Those skilled in the art will readily appreciate, however, that the
fins 122 of the heat sink 120 may be configured in any way while
still accomplishing the many goals, features and advantages
according to the present invention.
[0038] Further, the heat sink 120 may include a base plate 124 from
which the fins 122 project. The base plate 124 may be configured to
cooperate with the tapered sections 146 and catches 148 of the
plurality of legs 144 (shown in FIG. 2), permitting the support 140
to attach thereto. The base plate 124 may be configured into any
shape, including a circle, ovoid, square, rectangle, triangle, or
any other polygon. The heat sink 120 may be made of a thermally
conductive material. Materials include, without limitation, metals,
metal alloys, carbon allotropes, ceramics, and composite materials.
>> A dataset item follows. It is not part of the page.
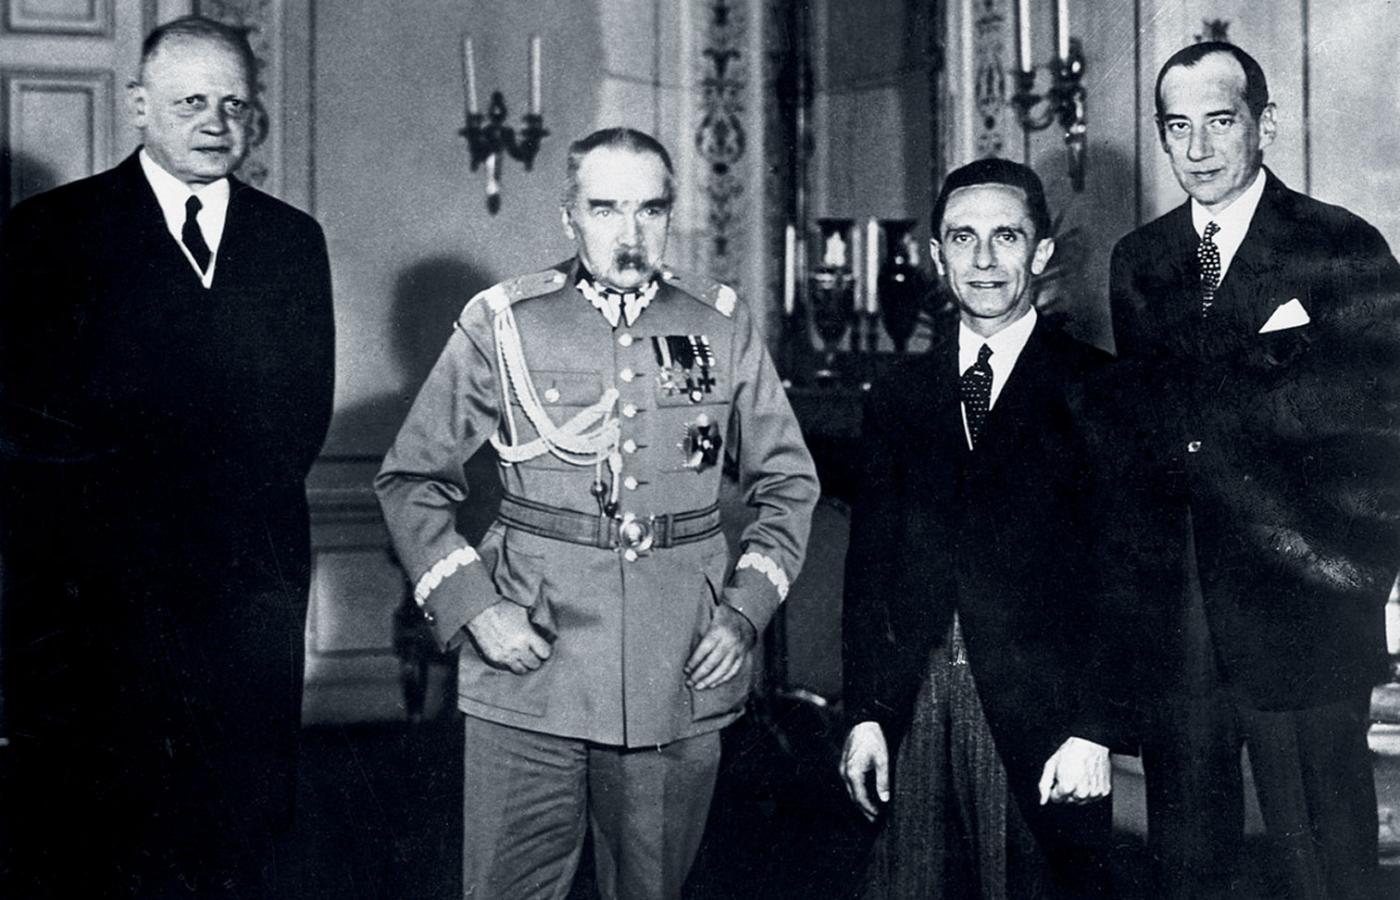 Po wykładzie Goebbelsa w Warszawie. Od lewej: ambasador von Moltke, marszałek Piłsudski, Joseph Goebbels, Józef Beck. 19 listopada 1934 r.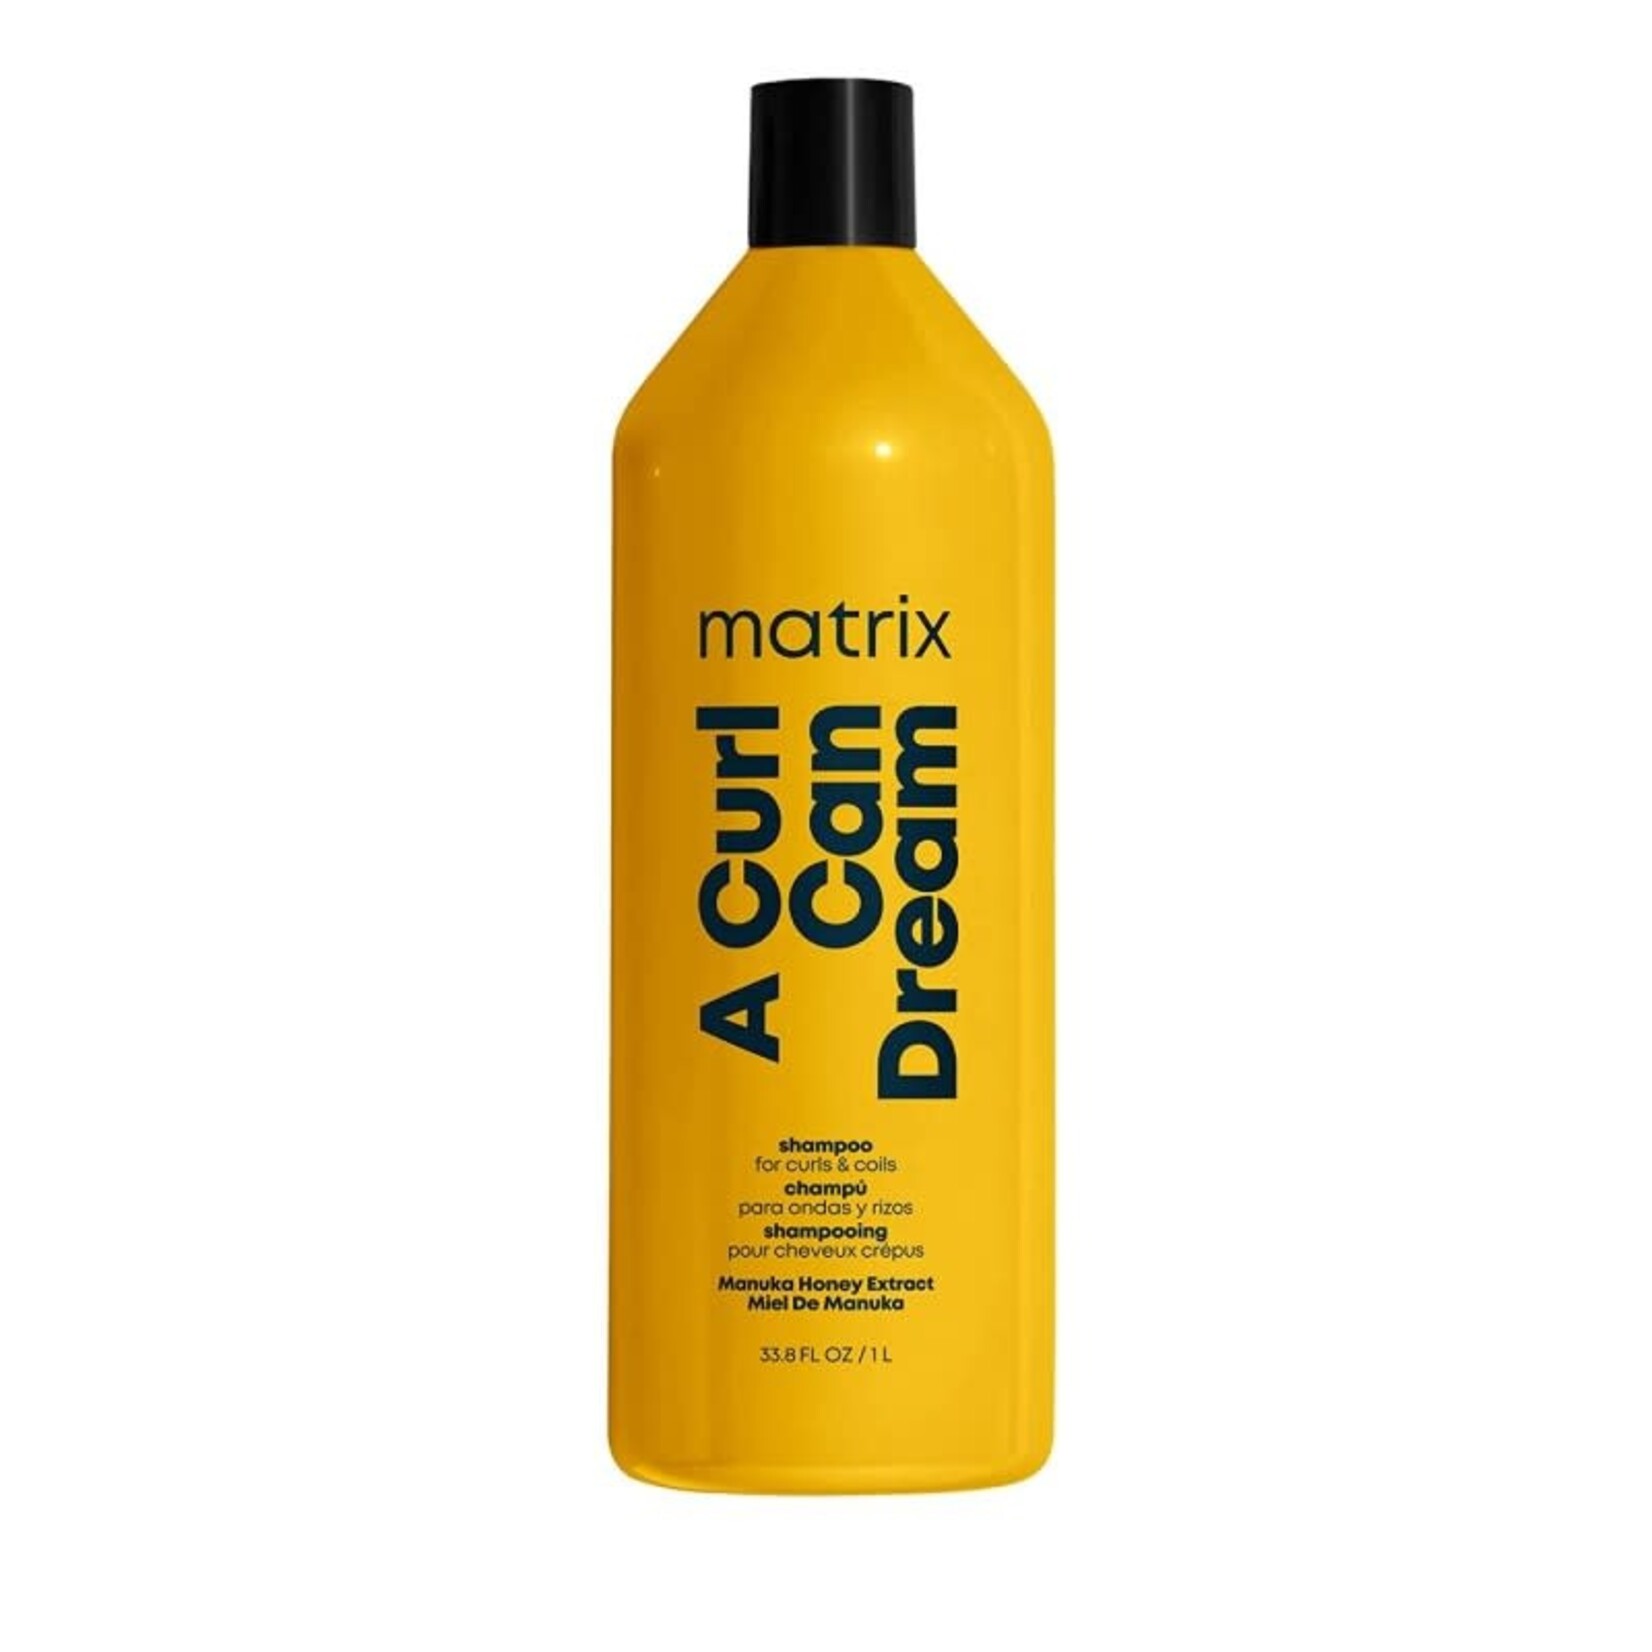 Matrix Matrix - A Curl Can Dream - Shampoo 1 Liter

Accordingly, and as may be understood by those skilled in the art,
the heat sink 120 advahtageously provides additional surface area
for heat that may be produced to be dissipated.
[0039] Referring now to FIG. 5, the electrical device 10 includes
an enclosure 200. The enclosure 200 may be configured to define an
interior volume. The interior volume may be isolated from the
environment such that fluid from the environment is not able to
gain entry to the interior volume and intermix with the fluid
contained therein. Hence, a fluid seal is created about the
interior volume of the enclosure 200. Types of fluid contained by
the enclosure may be liquid or gaseous.
[0040] The interior volume of the enclosure 200 may be configured
to have spatial characteristics permitting fluid flow within the
interior volume. The fluid flow within the interior volume causes
the transfer of heat from the electrical device 10 to the enclosure
200, which then transfers the heat to the environment. Referring
additionally to FIG. 1A, the heat is transferred from the
electrical device 10 to the heat sink 120 and, in turn, due to the
fluid flow created by the fluid flow generator 130, to the interior
volume of the enclosure 200 and, thereafter, to the environment.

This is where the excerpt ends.